This is a Microphone Preamp (SSM2167) with Compression, a noise gate, and AGC. I disabled the noise gate. I was looking for a sensitive low-noise mic to do some outside recording of nature sounds and stuff. With the noise gate turned on, and as light as I can make it, I had to talk loud into it to even open the 'squelch'. The app notes call to use a maximum 5K resistor on the noise gate pin or it could cause problems. The problems manifested into loud pulses when it was quiet. There appeared to be some circuit bumping the AGC voltage to keep it over a certain voltage. During the 'bumping' the output voltage would take a negative swing. With a 1Meg resistor from +V to the AGC capacitor, these pulses disappeared. I used a potentiometer to find this value, and 1Meg is where the pulsing stopped. This worked on two chips, but it might be close to the edge. You might need a slightly smaller one, like 820K.

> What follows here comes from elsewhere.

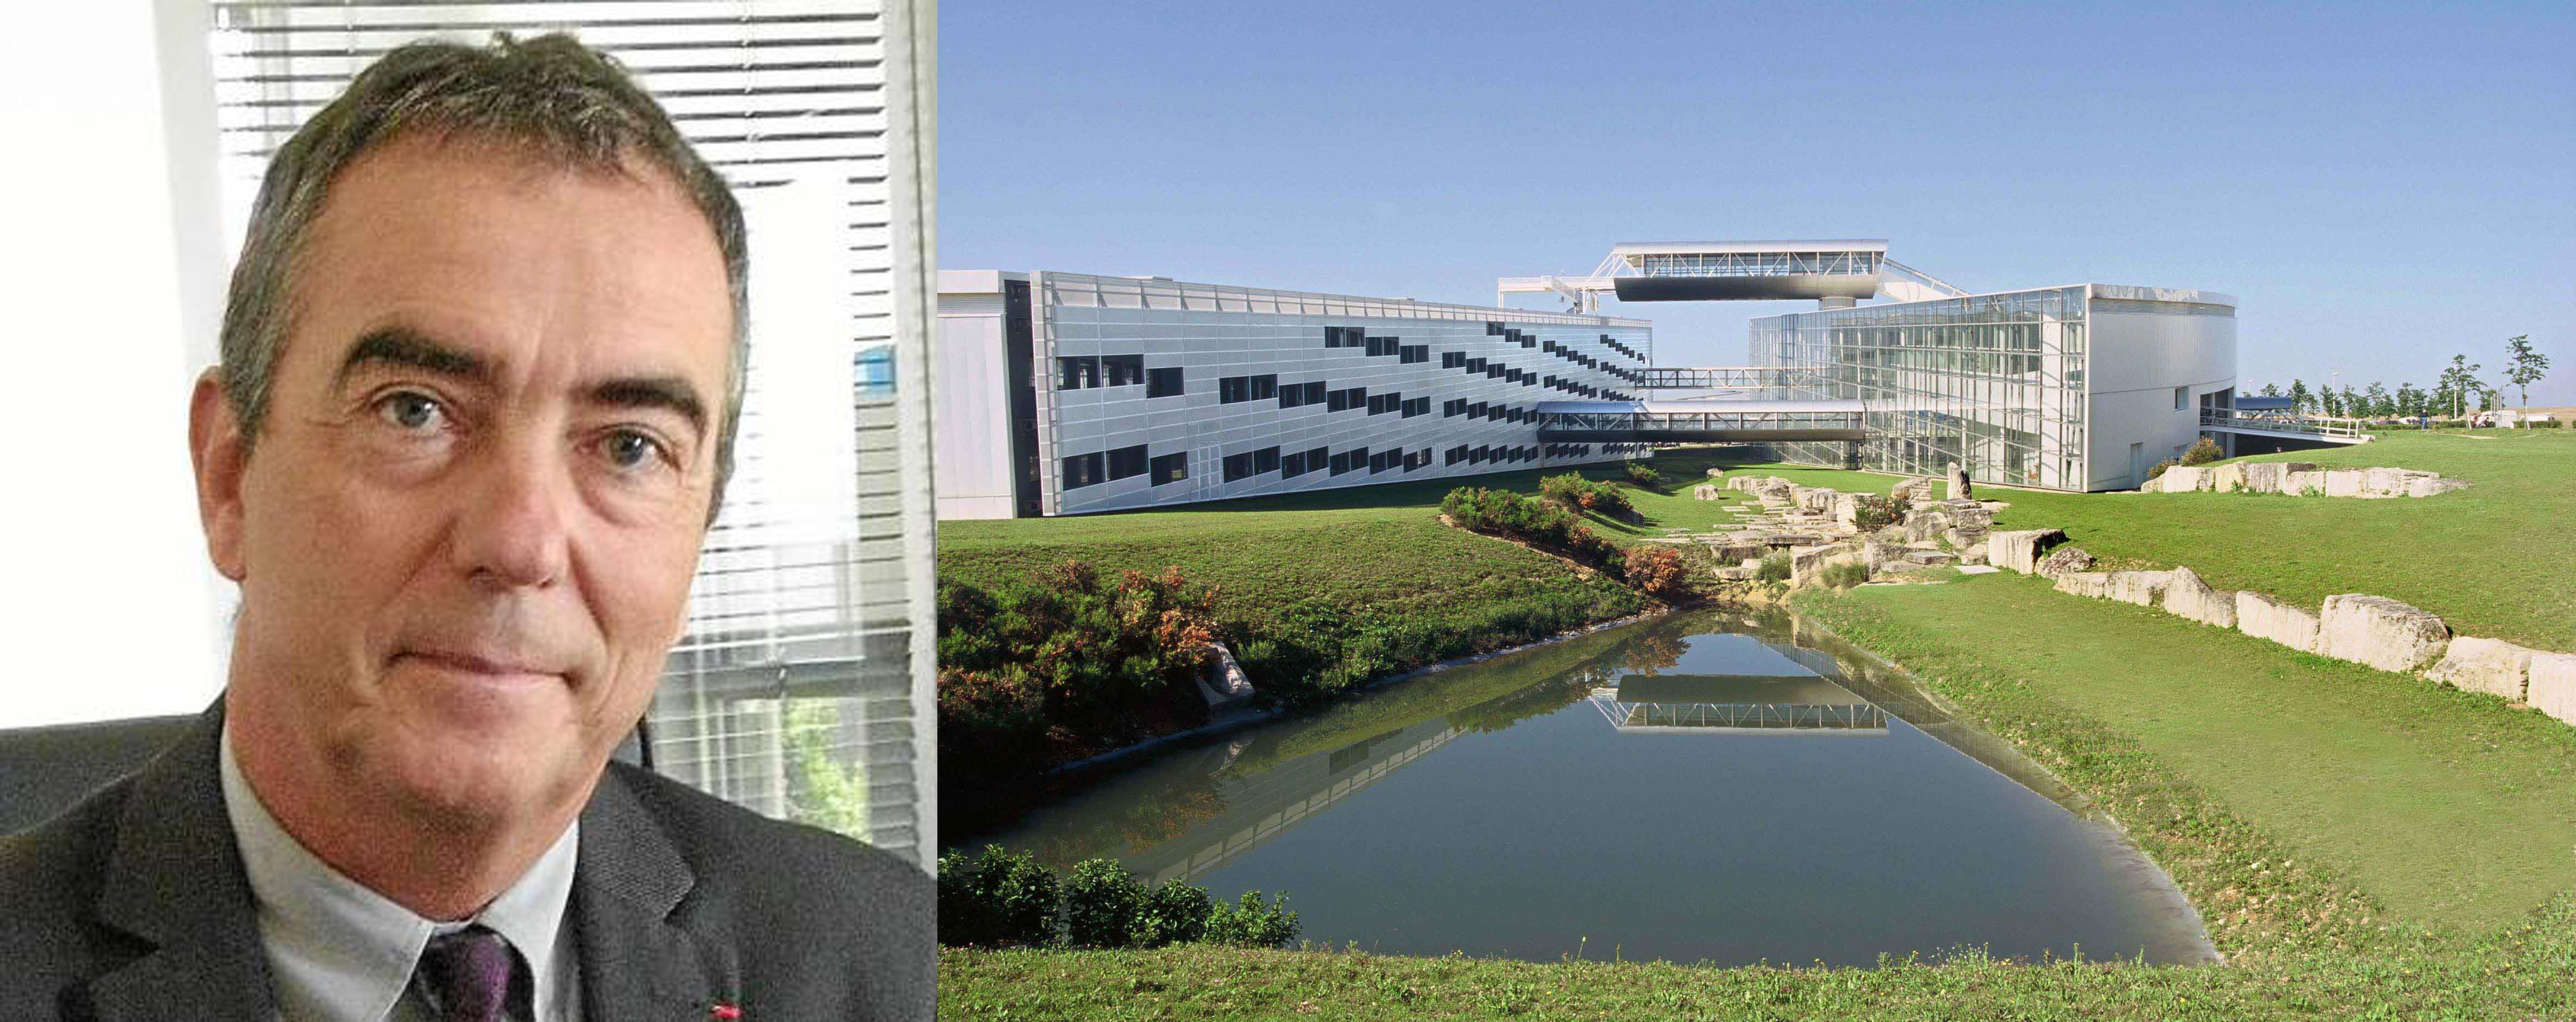 Roland Fortunier, nouveau directeur de l'ISAE-ENSMA

I built this on a piece of copper clad. The chip is glued down upside-down. This held the bugger still while I was soldering. Overall, the length of the clad is less than 1 inch. I build clad sides and a 'roof' soldering them all together in a copper box to minimize RF and other induced noise.

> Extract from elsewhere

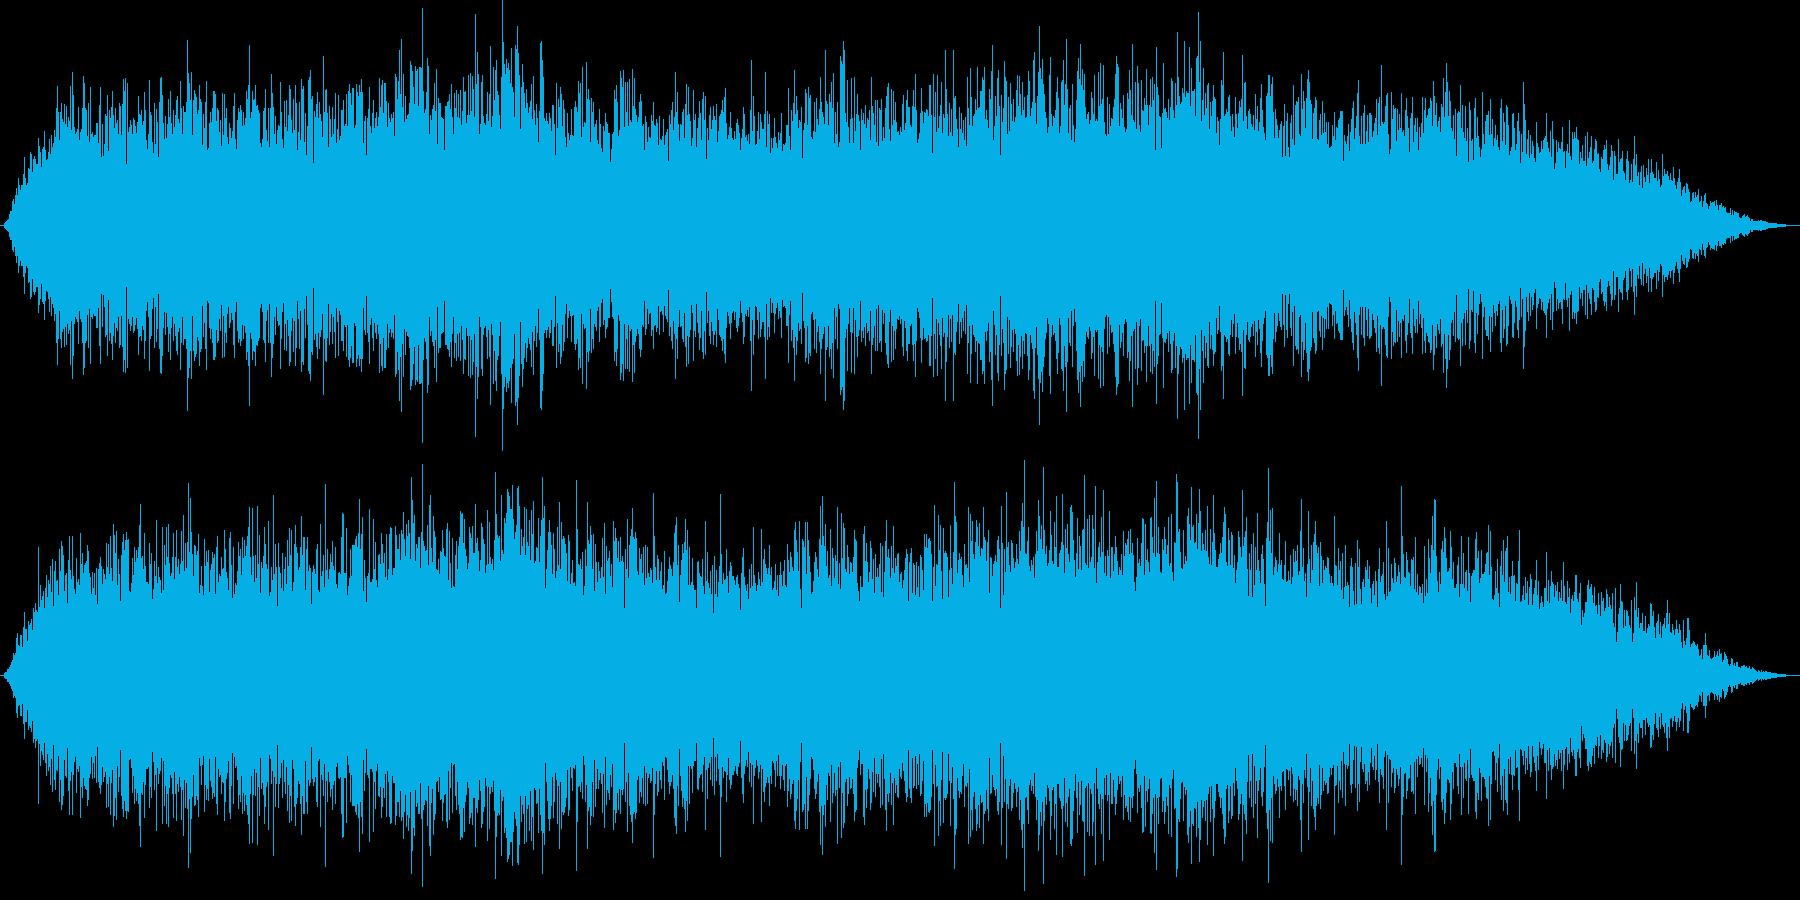 機械音の響く工場の再生済みの波形

Total current drain with the electret element is under 3mA. With the noise gate enabled, when 'squelched' and quiet, the current actually went up an additional 1mA (only when squelched). I haven't put this on the recorder yet, but using a scope, it looks to have very low noise and high sensitivity! This might even 'hear' a fly a few feet away! This is exactly what I'm looking for.

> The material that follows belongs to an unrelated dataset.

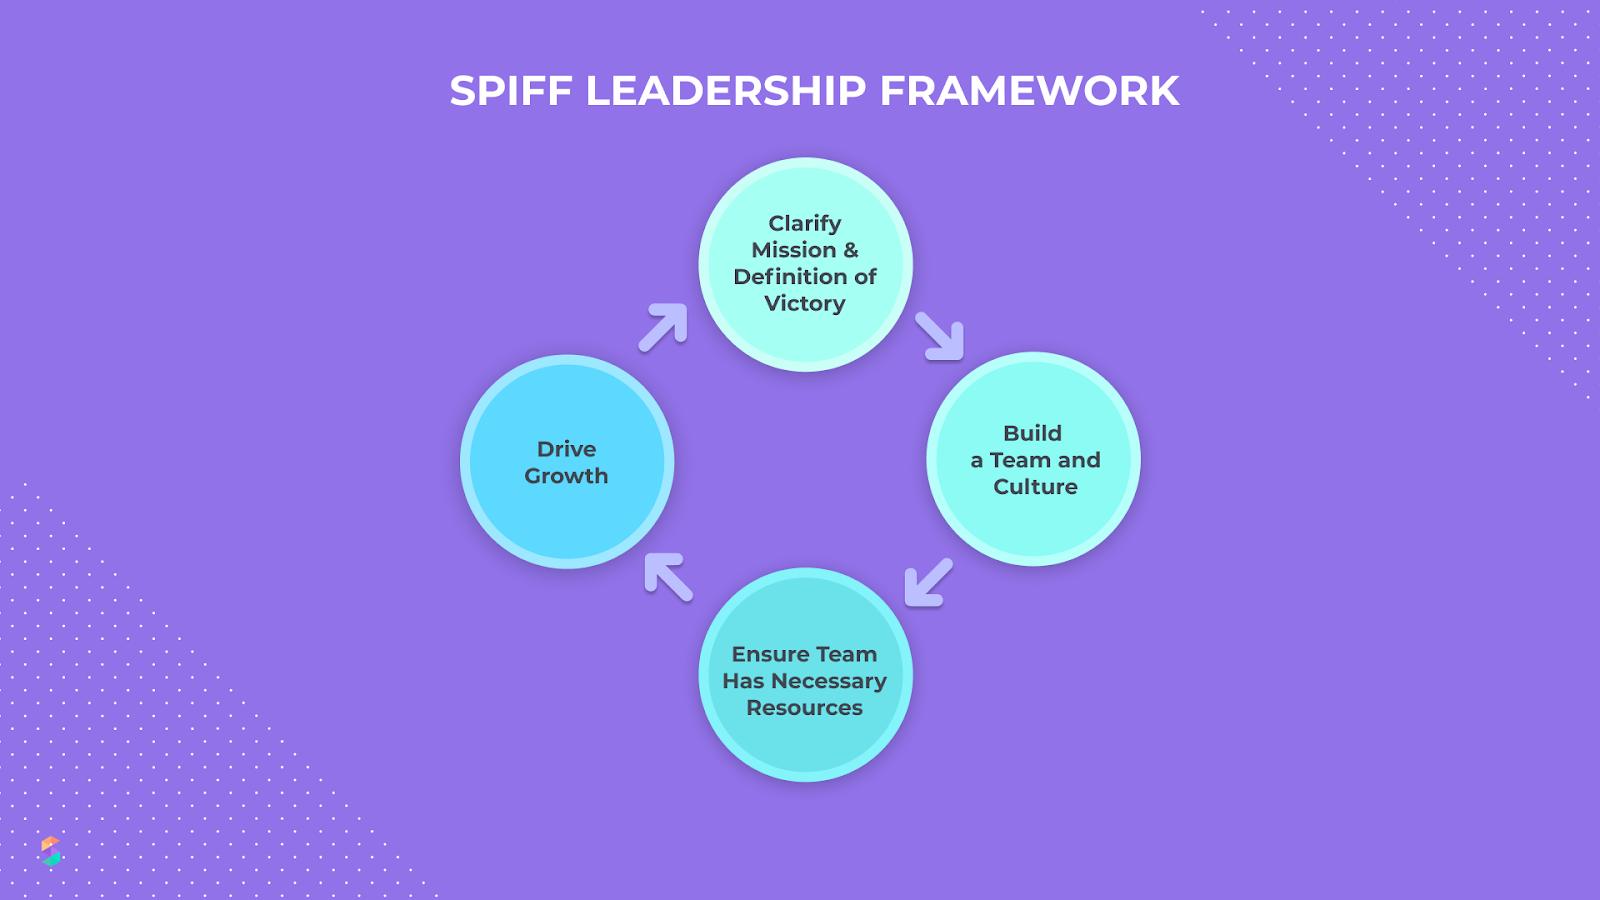 spiff leadership framework

Here is a picture of the latest box to use the SSM2167:

This has input power filtering and regulation. I've removed the compression resistor which makes a harder AGC control and a bit more gain too! This box is crammed! You may need to zoom to see the 10 pin chip at the bottom..
I've been playing with a program called PCB123. I built another board with this chip with all SMD parts/1206 resistors and caps, and I built it tight, with my own pads, but it's not as small as what I have here. I could go with 0603 parts which will match the chip, but it's tough soldering.